1. NEVER Openweight Title & ROH World TV Title: Will Ospreay [c] vs. Jeff Cobb [c]
This was a pretty fun opener with a whole lot of impressive athletic maneuvers that felt more like there was a good match somewhere inside it than an actual a good match. Jeff Cobb does cool suplexes and Will Ospreay goes up very high for them. Will also does this thing where he thinks he’s really good at selling now. Like he really goes for it. So that was a big part of this match. He also dropkicked Cobb’s… ear lobe? I’m not sure if that was the intention. They had their moments, but at even 12 minutes it felt kind of long – it was missing the tightness and a thread to follow of something like Rey Mysterio vs. Kurt Angle at SummerSlam 2002, not a fair match to hold it up to but a similar dynamic. Also none of their catch spots really worked out. Cobb gets me hot and bothered with all his old school suplex gaijin wrestler potential, but I’m still waiting for him to emerge as a guy I actually want to watch wrestle a lot. ***

2. 3-Way Match – IWGP Jr. Heavyweight Title: Taiji Ishimori [c] vs. Dragon Lee vs. Bandido
At only 9 minutes this was a few minutes shorter than Cobb vs. Will, but as an exciting spot-based match they packed in a lot more content. It was just a whole bunch of unexplainable feats of human athleticism and cooperation, a bunch of wild-ass spots by living testaments to the human body’s capability. Bandido doing a double fallaway slam moonsault thing was wild too, and I loved the commentary call: “That’s not a real move!” I know Taiji works like this, but for the reputation Lee and Bandido have with me I was kind of struck by how nobody really used the ropes and rarely went to the floor – they kept it in the middle of that squared circle, baby. What a trip. ***3/4

Dragon Lee straight up says he hopes Hiromu is the first challenger for the IWGP Jr. Heavyweight Title in the post-match table talk, and I hope that means what it appears to mean.

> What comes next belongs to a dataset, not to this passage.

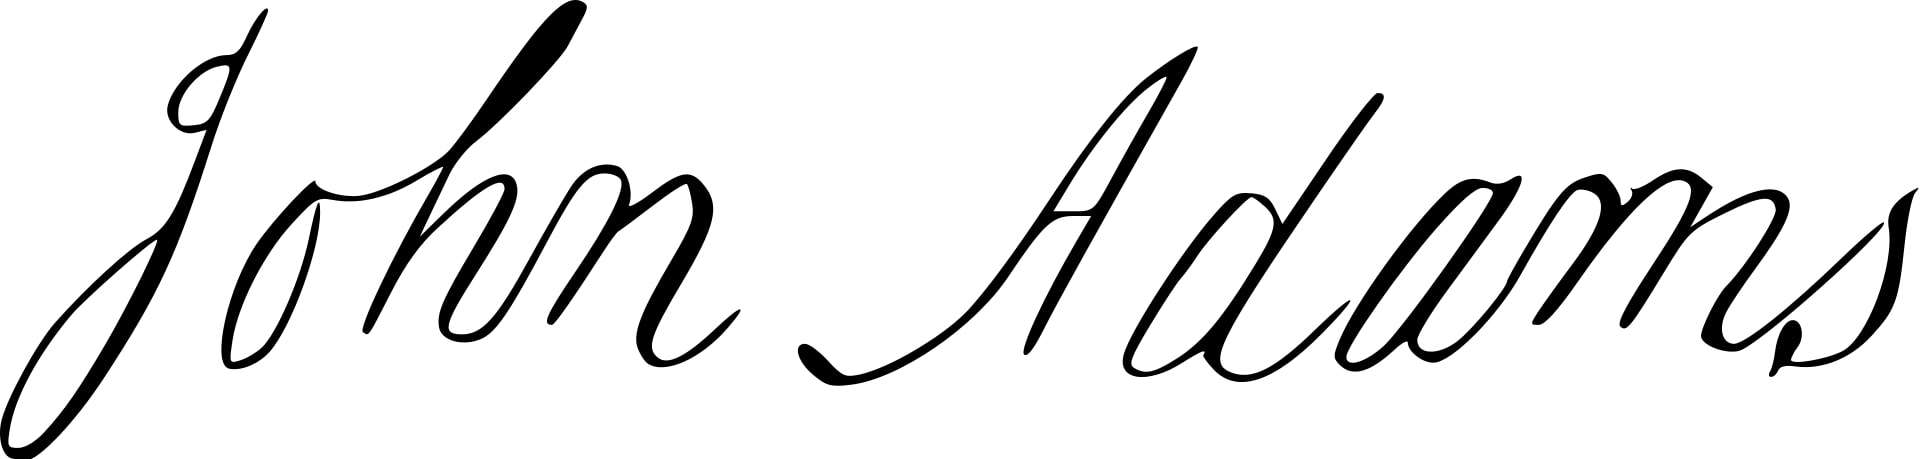 John Adams Signature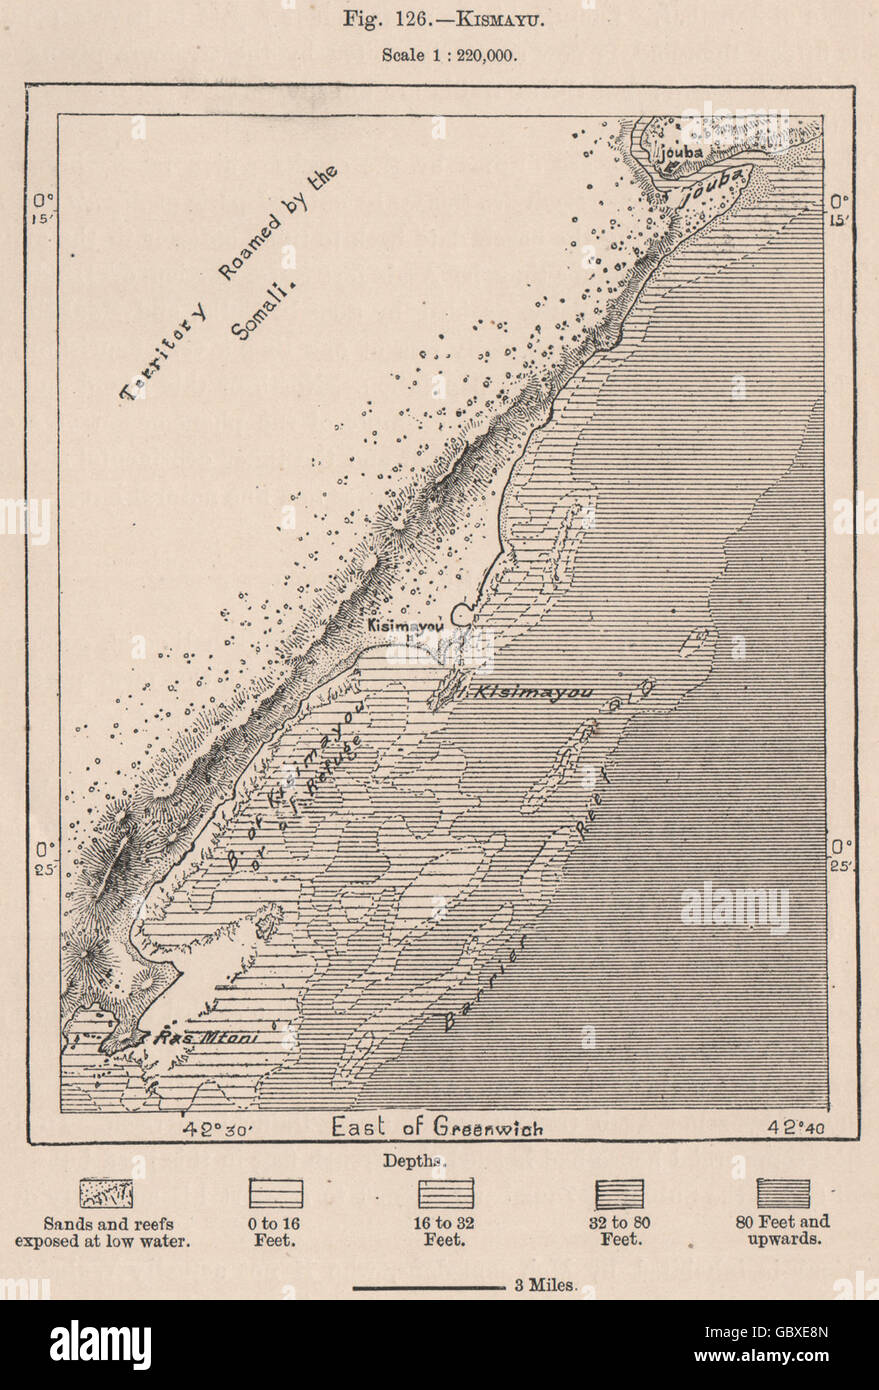 Kismayo. Somalia, 1885 antique map Stock Photo

3. 4-Way Match – IWGP Tag Team Title & ROH Tag Team Title: Tama Tonga & Tanga Loa [c] vs. Brody King & PCO [c] vs. EVIL & SANADA vs. The Briscoe Brothers
The PCO entrance in all its glory in MSG was… kind of amazing. His taking of a powerbomb to floor (not a table, just the floor) was also a proper insane thing, because really sometimes wrestling does just need some freak show shit. I fear for the man but I trust he knows what he’s doing. Now, outside of all that, this was a collection of random pairings of participants doing quick forgettable sequences for 10 minutes, as every 4-way match for the IWGP Tag Team Titles tends to be. Lots of action and signature spots and stuff, but honestly the Guerillas of Destiny might’ve been the best guys in the match and that scares me. Briscoes and EVIL/SANADA just kind of disappeared midway through it too. **

AXS really only showed Enzo swinging with Mark Briscoe after the match, then quickly cut to Toru Yano with the tag belts, which was swell of AXS. The whole Enzo and Cass thing is silly, mostly because there’s no good way to follow-up. Anything you do next reveals it to be the work it supposedly isn’t. Stop trying to play with the rules, ya marks.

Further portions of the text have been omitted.